Average house prices may soon reach £300,000 watermark, claim

House prices across England and Wales ended last year at an average of £292,077, Your Move and Reeds Rains report this morning.

The sister firms owned by LSL say that the figure represents a rise of 6.6% annually, with the average house price up £17,963 during the year.

While property values dropped an average of 8.7% in central London, dragged down by higher Stamp Duty Land Tax on the most expensive homes, prices elsewhere in London jumped 11%.

The firms also say that last month was the strongest December for house sales since 2006 as buyers competed for fewer homes on the market.
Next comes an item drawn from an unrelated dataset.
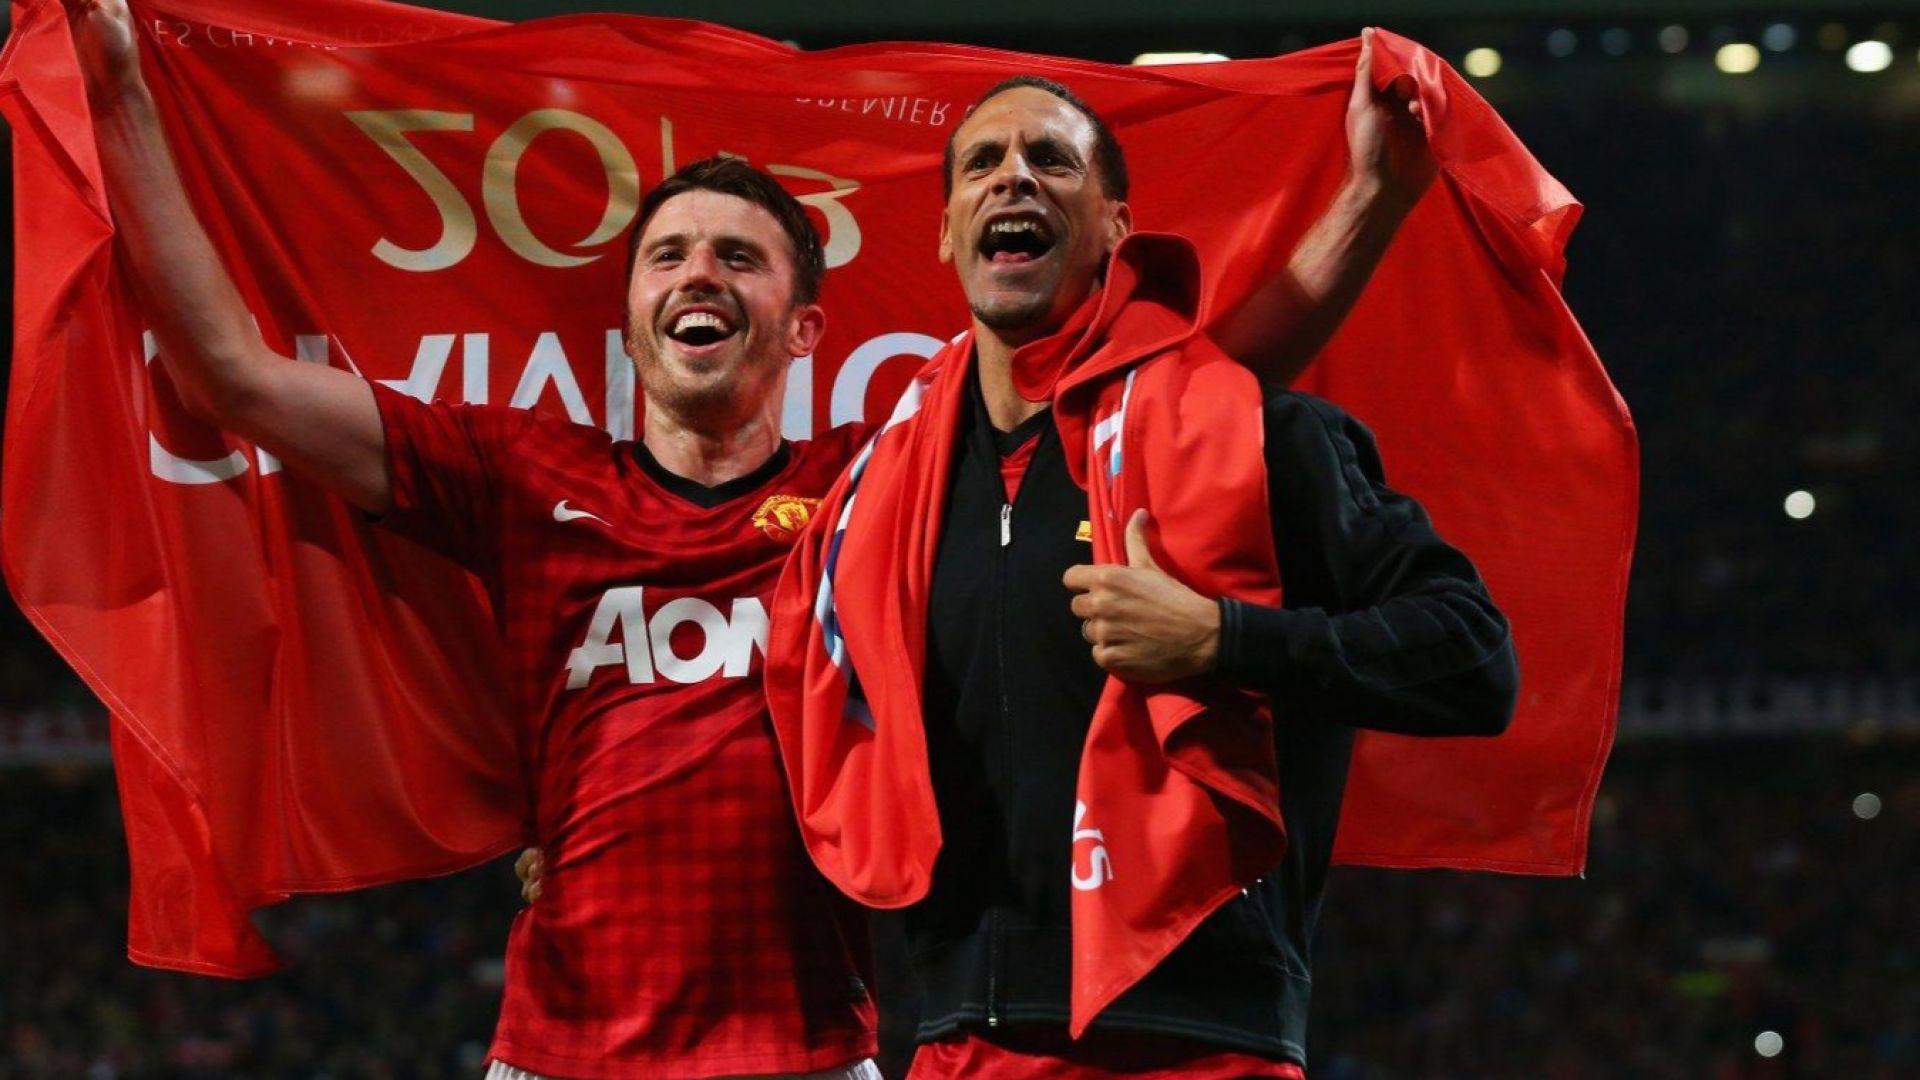 Седем години от последния шампионски Юнайтед - какво и защо се обърка?

There was a total of 85,000 home sales.

Adrian Gill, director of Your Move and Reeds Rains, said that new price records were established for every single month last year.

He said: “If the current speed of house price growth continues into 2016, the value of the average home may soon pass the £300,000 watermark, having reached £250,000 in December 2013.
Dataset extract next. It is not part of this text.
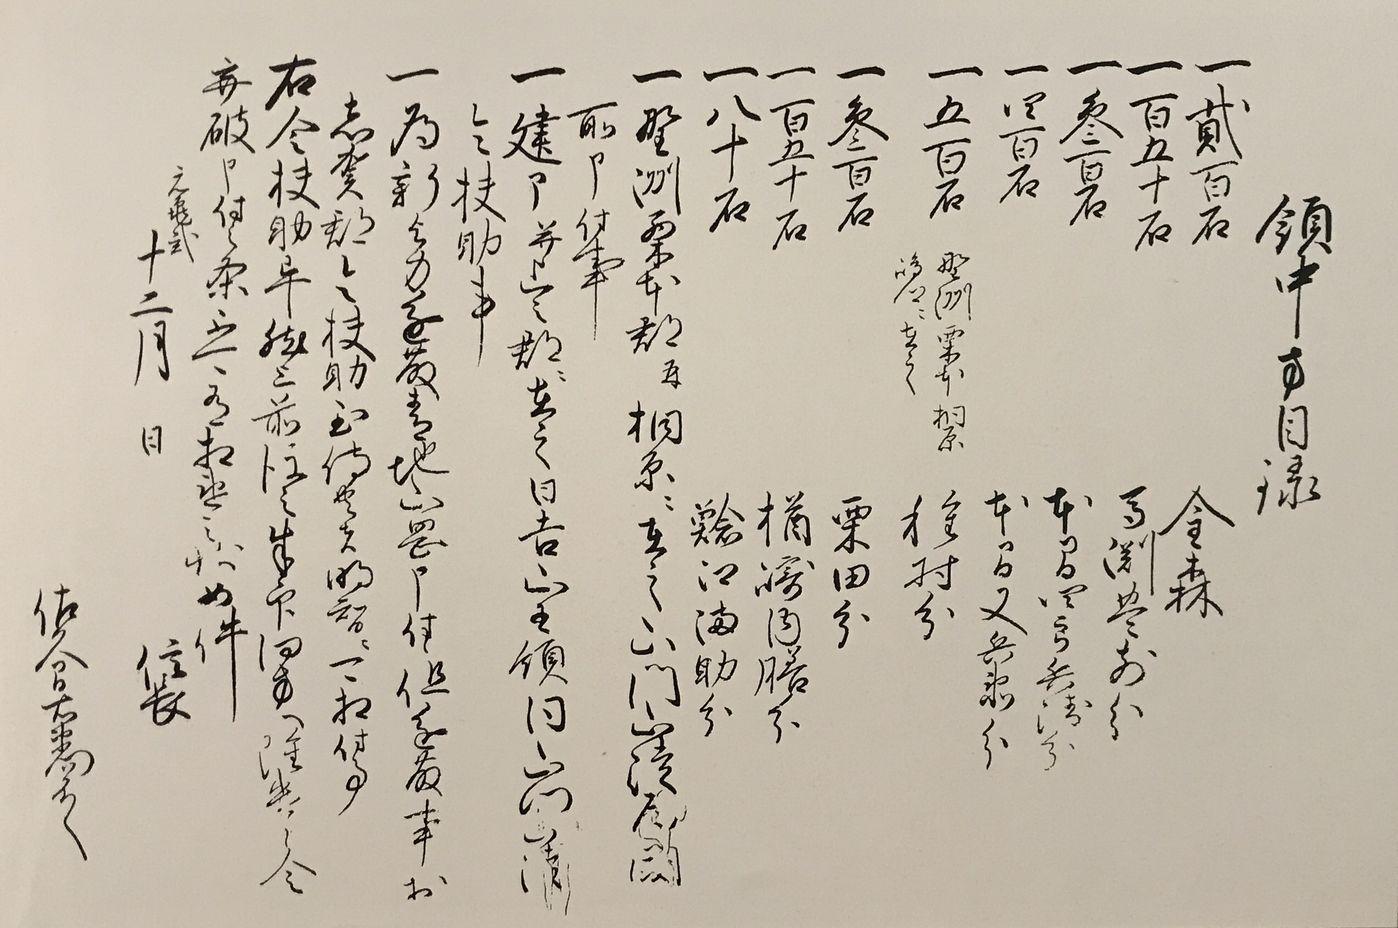 元亀二年十二月日付け領中方目録写

“Property price rises have certainly left the recession in their wake.”

He added: “Regionally, house prices in the south-east have been increasing at a rate of knots, enjoying the fastest growth of any region.
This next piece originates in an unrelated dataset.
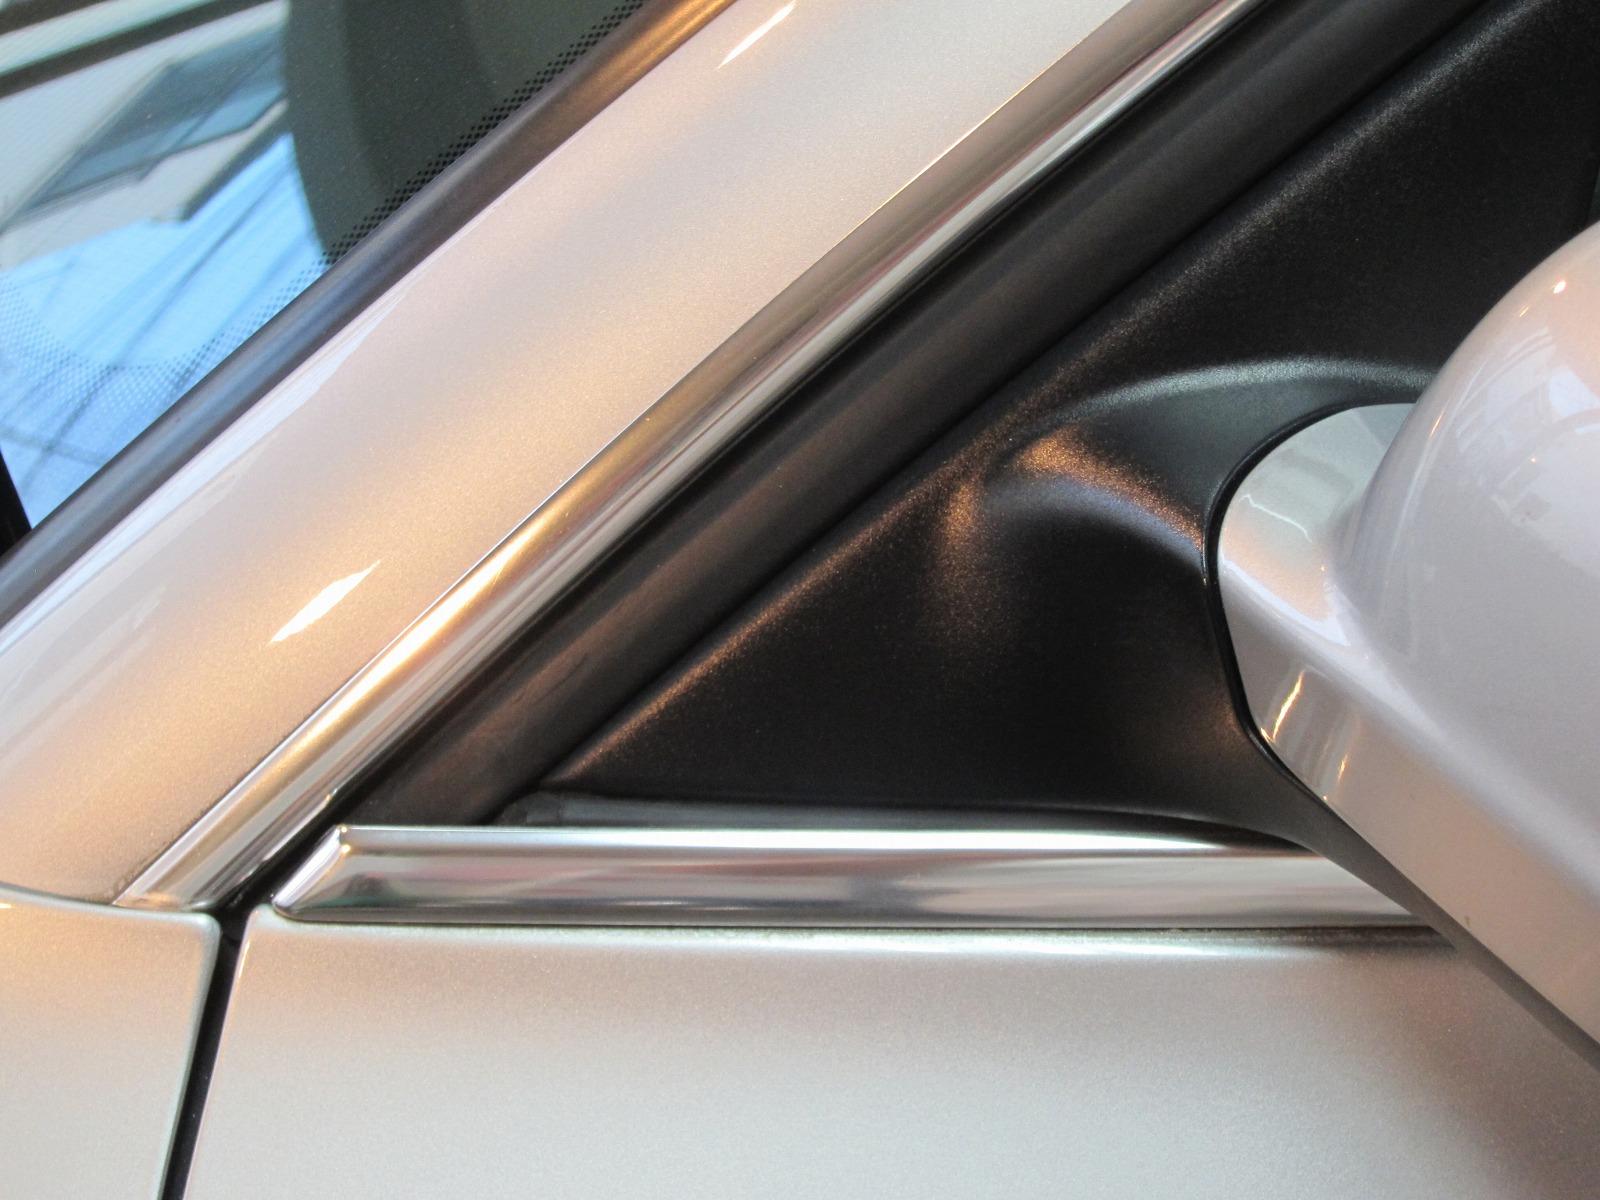 20130815-volkswagen-passart-15

“The 8.1% year-on-year price rise has been particularly propelled by demand for homes in commuter towns. Luton has seen the largest increase of 18.5% year-on-year, with the average cost of a semi-detached home in the town increasing by approximately £40,000 since 2014.

“The east midlands has also seen a significant surge in house prices, overtaking East Anglia to become the second fastest growing region in England.

“This acceleration has emanated from a boom in Nottingham, which has seen year-on-year house price growth of 10.6%, boosting the region’s overall annual growth rate of 6.7%. Average property prices in the city have risen £14,691 in a year and now stand at £152,978.”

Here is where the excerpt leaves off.